I've chummed 10lbs in one chumming session, and a return trip 3 days later.......zilch left  I've landed multiple fish in the upper 20's, and quite a few lower 20's and upper teens. This is fishing snowman rigged, with the upper boilie with pop-up foam, and the hookbaits soaked in his scopex dips. I wasn't impressed much with the original shipment to the CCC a few years back, as they were not dried properly, and molded...cracked...etc. But the fresh ones are killer. I'm not going to knock them like most people do  Also...he has a pineapple line that you need to smell and taste. These babies are going to be tested in DC. I'll let you know how they produce. Oh yeah......don't overlook the hempseed micro's either. Those puppies have landed me some fish with a single, flavorless popup (white), with a PVA of the hempseed micros. 

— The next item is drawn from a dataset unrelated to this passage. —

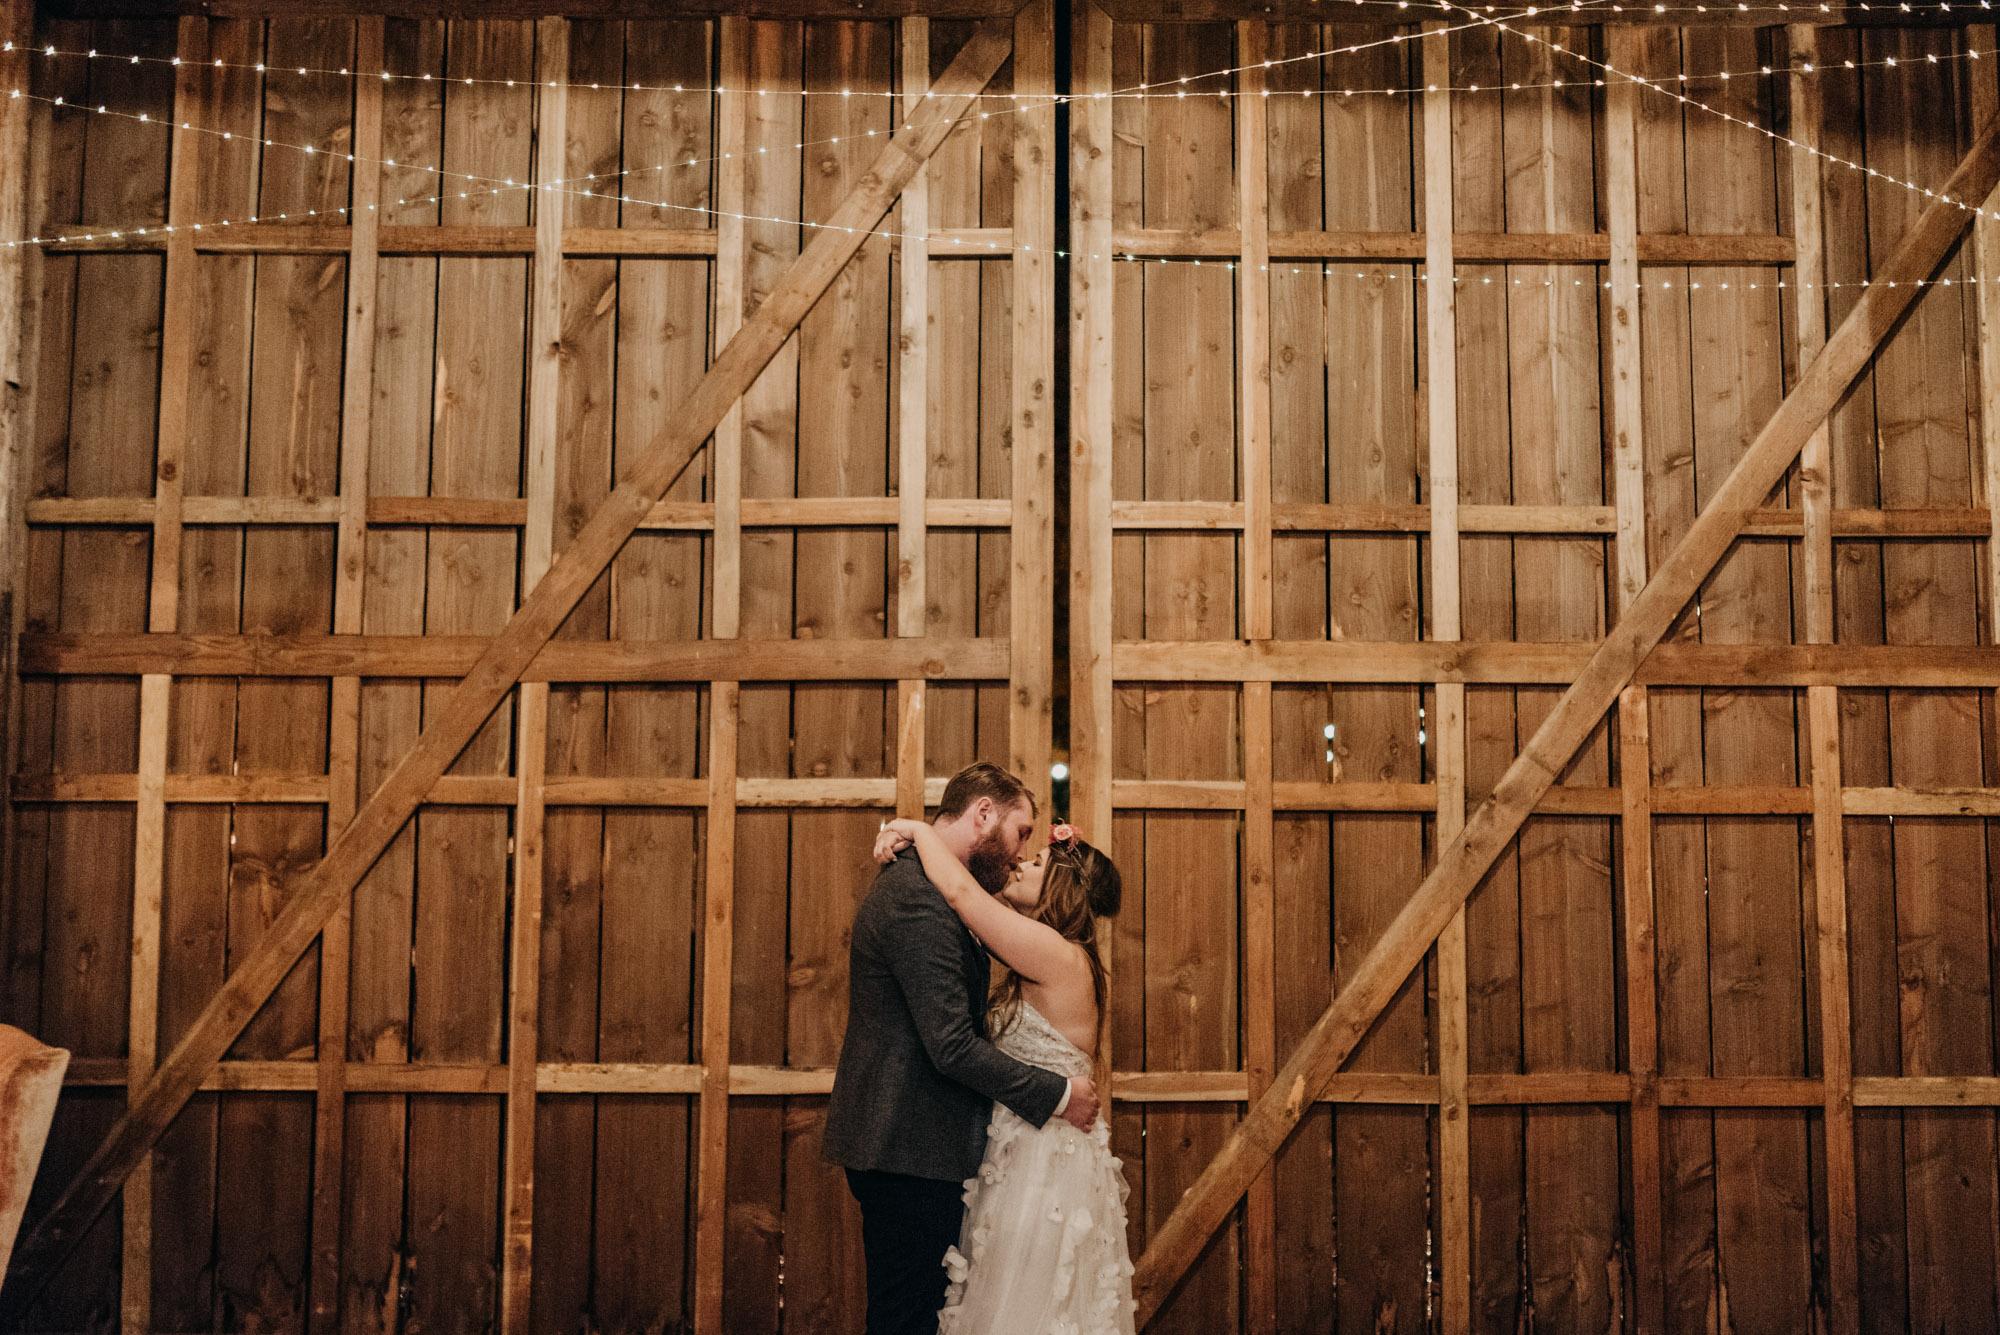 Indoor-Barn-Ceremony-Dancing-Washington-9878.jpg

I'll let you know more Saturday night. I will be up there Saturday morning to do some perch fishing, and will swing by and get some temps, etc. I belive at pre-spawn, we should be able to land a couple of 30's out of there. Before I started carping....like I told you before...we landed a couple of 30+ while perch fishing in the fall. Spring should be no different


----------



## PAYARA (Apr 7, 2004)

Cool Shawn...Thanks!


----------



## WINative (Sep 15, 2004)

I've caught suckers on spinners, but never a carp. Nice fish.

JM


----------



## icehuntR (Dec 18, 2005)

Dude ,that is incredible . I would love to catch a massive carp like that!!! I've witnessed & caught carp on spinners. Shysters to be exact.Lake Erie,Avon Lake power plant.We were fishing a school of big white bass in May 1974.All 10" - 15" long, well someone catches a carp seems they "snagged it right on the mouth" after a couple more we realized carp hit spinners. Ended up with 7 carp,lost all the spinners we had to carp or would have caught more that trip.


----------



## jsalkas (Feb 18, 2005)

CoolWater, have you had a chance to sight fish for any with a fly rod yet (I know you've been using the fly tackle more)? You don't get them that big, but a 15-20# fish on a 7 wt fly rod, that you stalked and watched eat your fly, may convince you to toss your other gear. Just thinking about it gets my adrenaline going.


----------



## Mushijobah (May 4, 2004)

Man I know some spots on the scioto where it is a flat gravel bank and carp could easily be caught by fly.....That is what I call fun. I would be afraid to do it because after I suceeded I would be done with fishing forever!


----------



## peple of the perch (Sep 13, 2004)

wow did ur rod break lol


----------



## CoolWater (Apr 11, 2004)

Funny you mention that because yes- the rod actually did break. I was using a heavy set up but it was pretty cheap. During the fight the bolt that holds the bail guard basically stripped right out and popped off... It made for some extra work trying to land it but it all worked out and I did get it netted.

As for the fly rods (have a 4 wt and a 8 wt)- I'm still a novice and have only caught a few fish on them... I'm going to try for some white bass on the 4 wt this week- that should be fun.


----------



## GMR_Guy (Apr 10, 2004)

That is a great fish. A healthy fish and I think your scales are pretty accurate. I am jealous of you!


----------